**Records shown:**
○ ○ ○ ○ ○ ○ ○

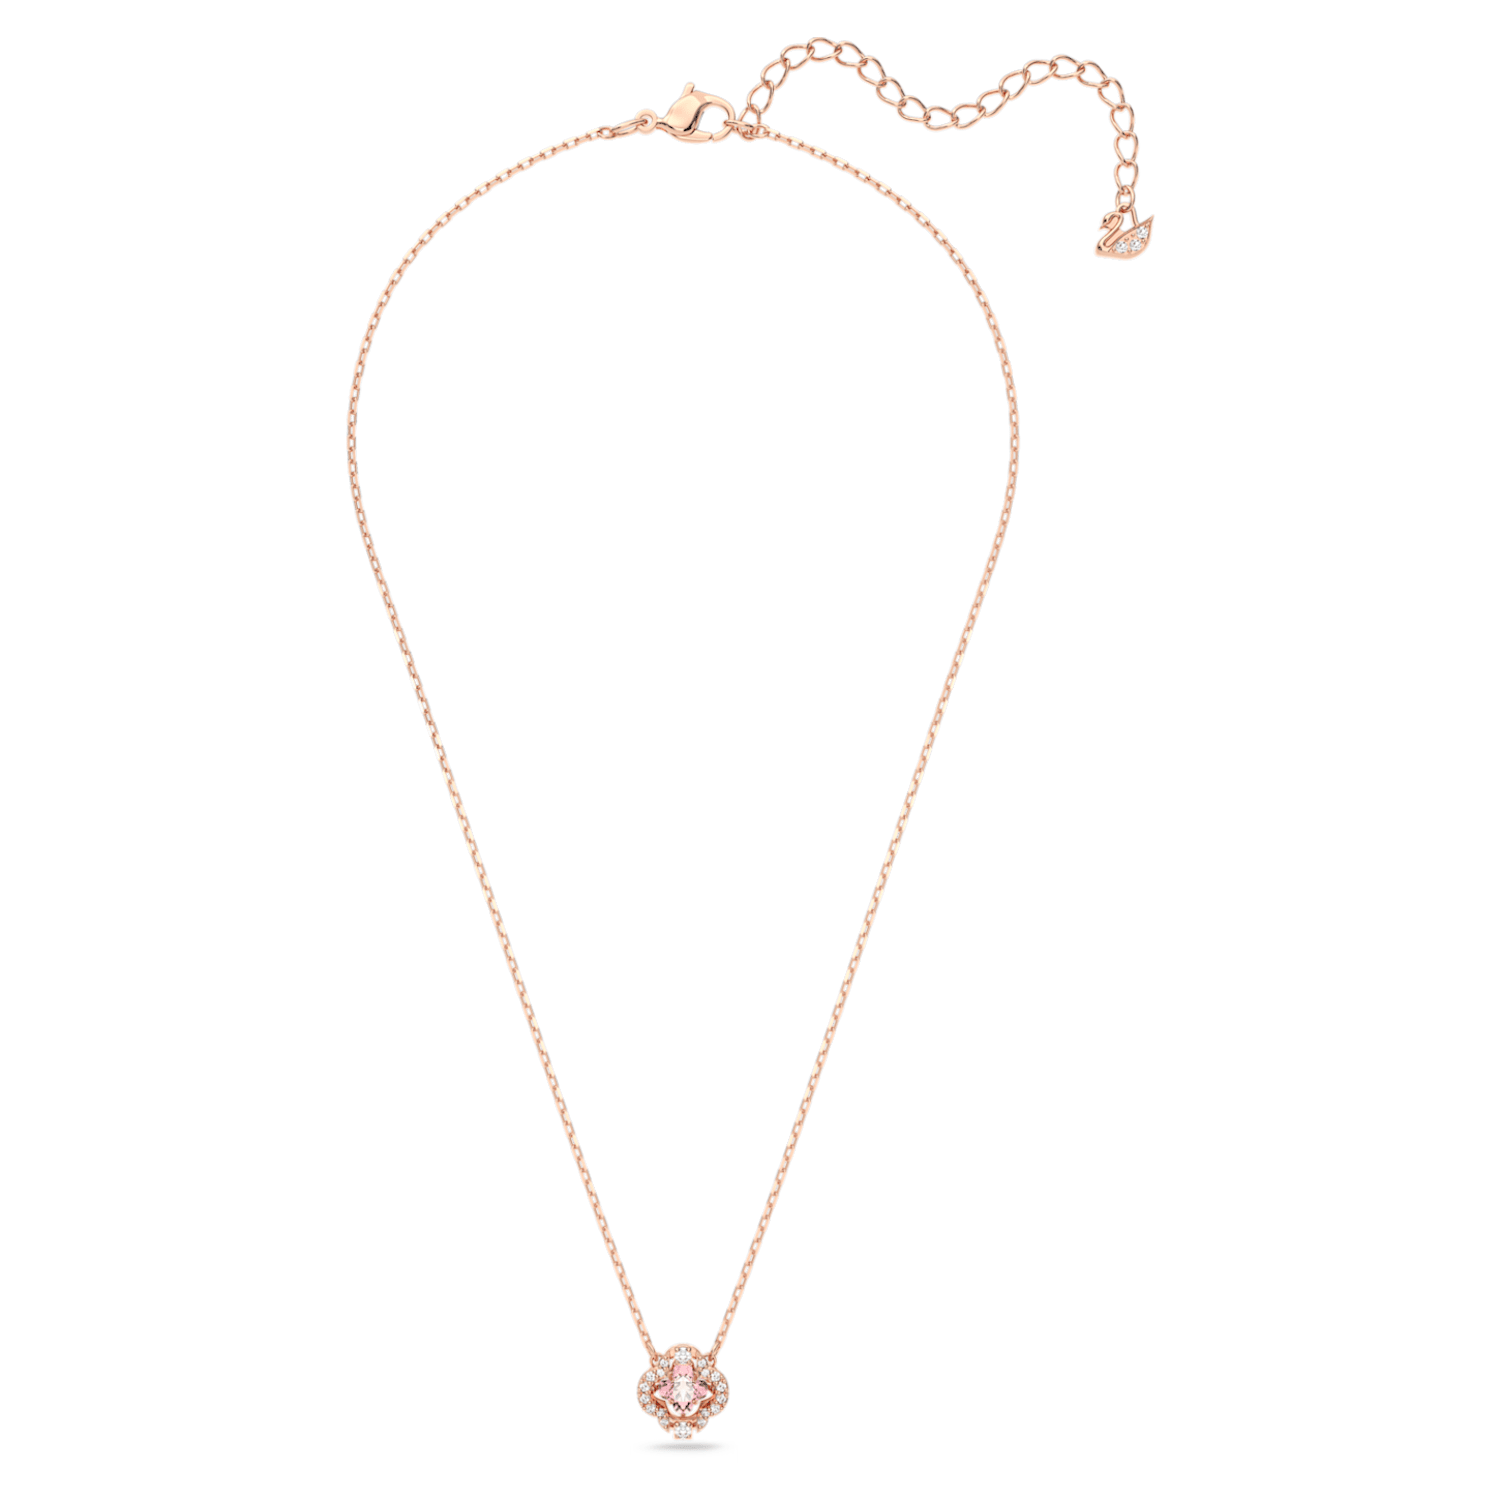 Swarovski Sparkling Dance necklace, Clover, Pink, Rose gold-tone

○ ○ ○ ○ ○ ○ ○

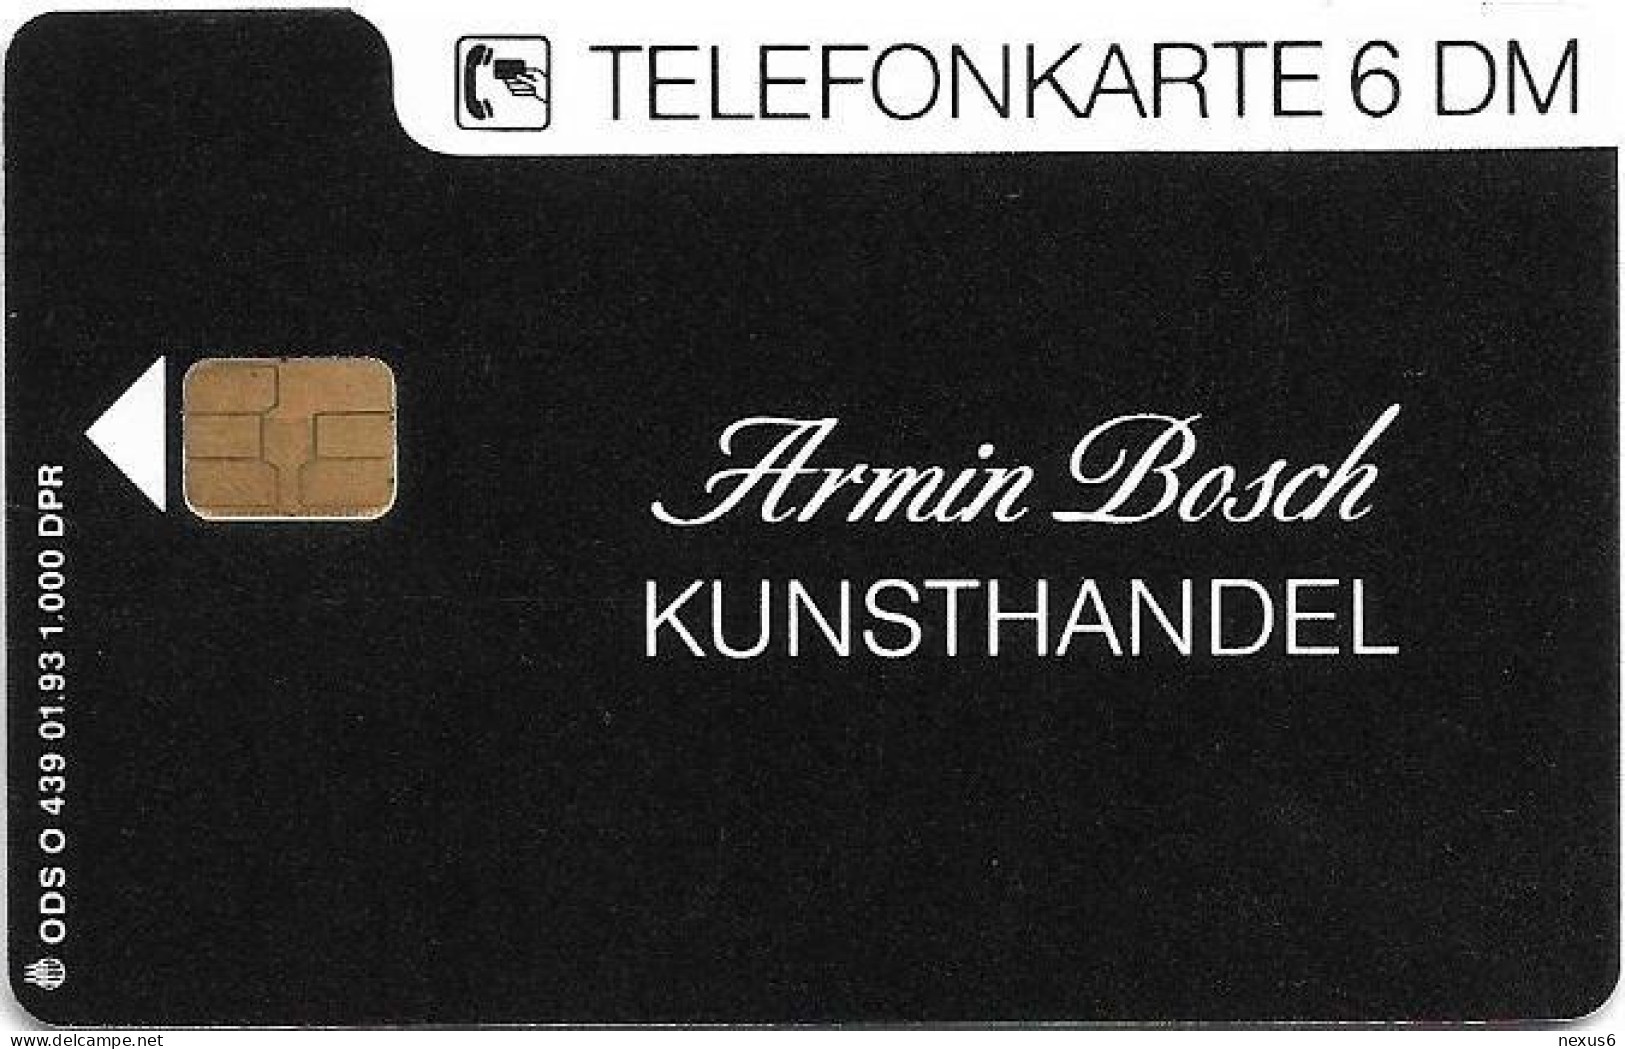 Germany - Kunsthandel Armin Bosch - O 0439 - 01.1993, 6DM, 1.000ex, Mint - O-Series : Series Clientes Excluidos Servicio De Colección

○ ○ ○ ○ ○ ○ ○

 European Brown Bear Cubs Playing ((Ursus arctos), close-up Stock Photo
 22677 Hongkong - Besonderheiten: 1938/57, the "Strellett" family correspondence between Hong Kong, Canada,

○ ○ ○ ○ ○ ○ ○

**Task goal:**
All lines in the listing above from the line containing "European Brown Bear" to the line containing "22677 Hongkong - Besonderheiten: 1938/57, the", inclusive, should be retyped exactly; no other lines should appear.

**Completed exercise:**
 European Brown Bear Cubs Playing ((Ursus arctos), close-up Stock Photo
 22677 Hongkong - Besonderheiten: 1938/57, the "Strellett" family correspondence between Hong Kong, Canada,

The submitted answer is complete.